The code for this is pretty much identical to inOrderPrint(). The only difference is in when we print the current node. What we want to do is print the current node, then its left and right subtrees

    class BST{
    struct Node{
        T data_;
        Node* left_;
        Node* right_;
        Node(const T& data, Node* left=nullptr, Node* right=nullptr){
            data_=data;
            left_=left;
            right_=right;
        }        
    };
    Node* root_; 
    //prints the values of the tree who's root is stored in subtree
    //by printing the value in a node then the values in its left subtree
    //followed by the values in the right subtree
    void preOrderPrint(const Node* subtree) const{
        //base case is we have an empty tree... in that case we do nothing
        //and exit the function
        if(subtree!=nullptr){

            //print value in current node
            std::cout << subtree->data_ << std::endl;
            
            //print left subtree
            preOrderPrint(subtree->left_);
            
            //print right subtree
            preOrderPrint(subtree->right_);
        }
    }
public:
...
    void preOrderPrint() const {
        preOrderPrint(root_);
    }
...

Destructor

A destructor must deallocate every node in the tree. There are different ways that this could be done but the simplest is to write a post-order tree traversal. The reason its a traversal is simply because we need to visit every node in the tree and destroy it. The reason it has to be done in a post order manner is because we must first destroy both subtrees attached to a node before deleting the node or we will lose access to those subtrees.

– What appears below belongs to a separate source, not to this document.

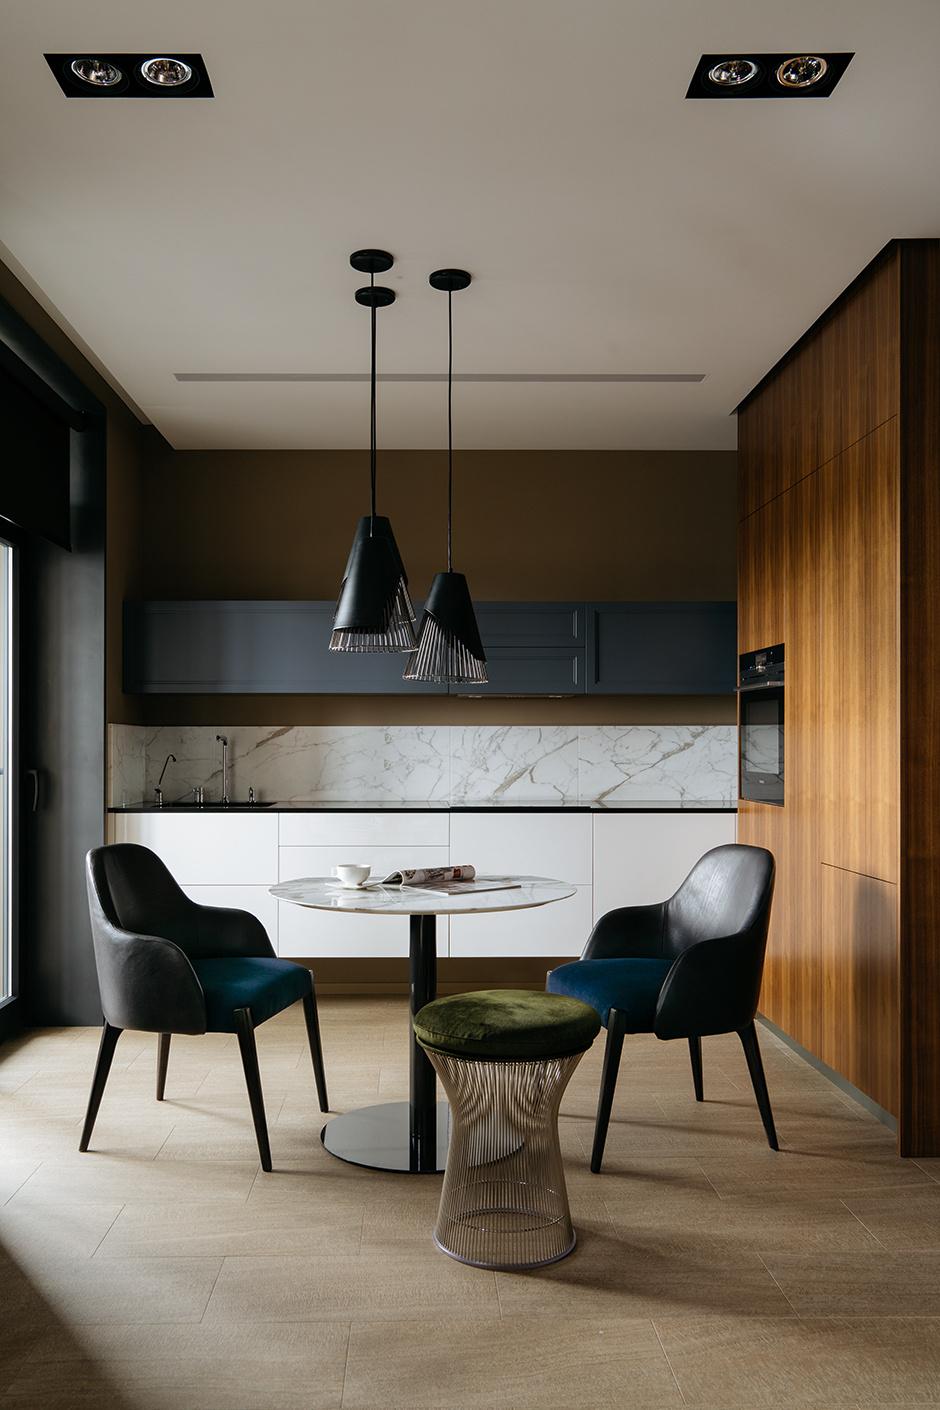 дизайн маленькой квартиры дизайн маленькой квартиры Дизайн маленькой квартиры  1 544749785e7b1811f4e7caea928bfadd  0xc0a839a4 15365115561485937624

Similar to the print functions, the destructor will be written by private recursive function that accepts a the root of the subtree we are trying to deallocate. We will call this function destroy:

void destroy(Node* subtree);

Note that because we actually don't care about changing the value of the pointers themselves we don't need a & after the Node* part. Just go through and deallocate every node

As with all the other traversals, we have a base case where if the tree is empty we do nothing. Otherwise we will simply first begin by destroying the left subtree, then the right subtree then we can deallocate the root node of the current subtree (pointed to by the argument subtree)

    class BST{
    struct Node{
        T data_;
        Node* left_;
        Node* right_;
        Node(const T& data, Node* left=nullptr, Node* right=nullptr){
            data_=data;
            left_=left;
            right_=right;
        }        
    };
    Node* root_; 
    //prints the values of the tree who's root is stored in subtree
    //by printing the value in a node then the values in its left subtree
    //followed by the values in the right subtree
    void destroy(Node* subtree){
        //base case is we have an empty tree... in that case we do nothing
        //and exit the function
        if(subtree!=nullptr){
            destroy(subtree->left_);
            destroy(subtree->right_);
            delete subtree;
        }
    }
public:
...
    ~BST(){
        destroy(root_);
    }
...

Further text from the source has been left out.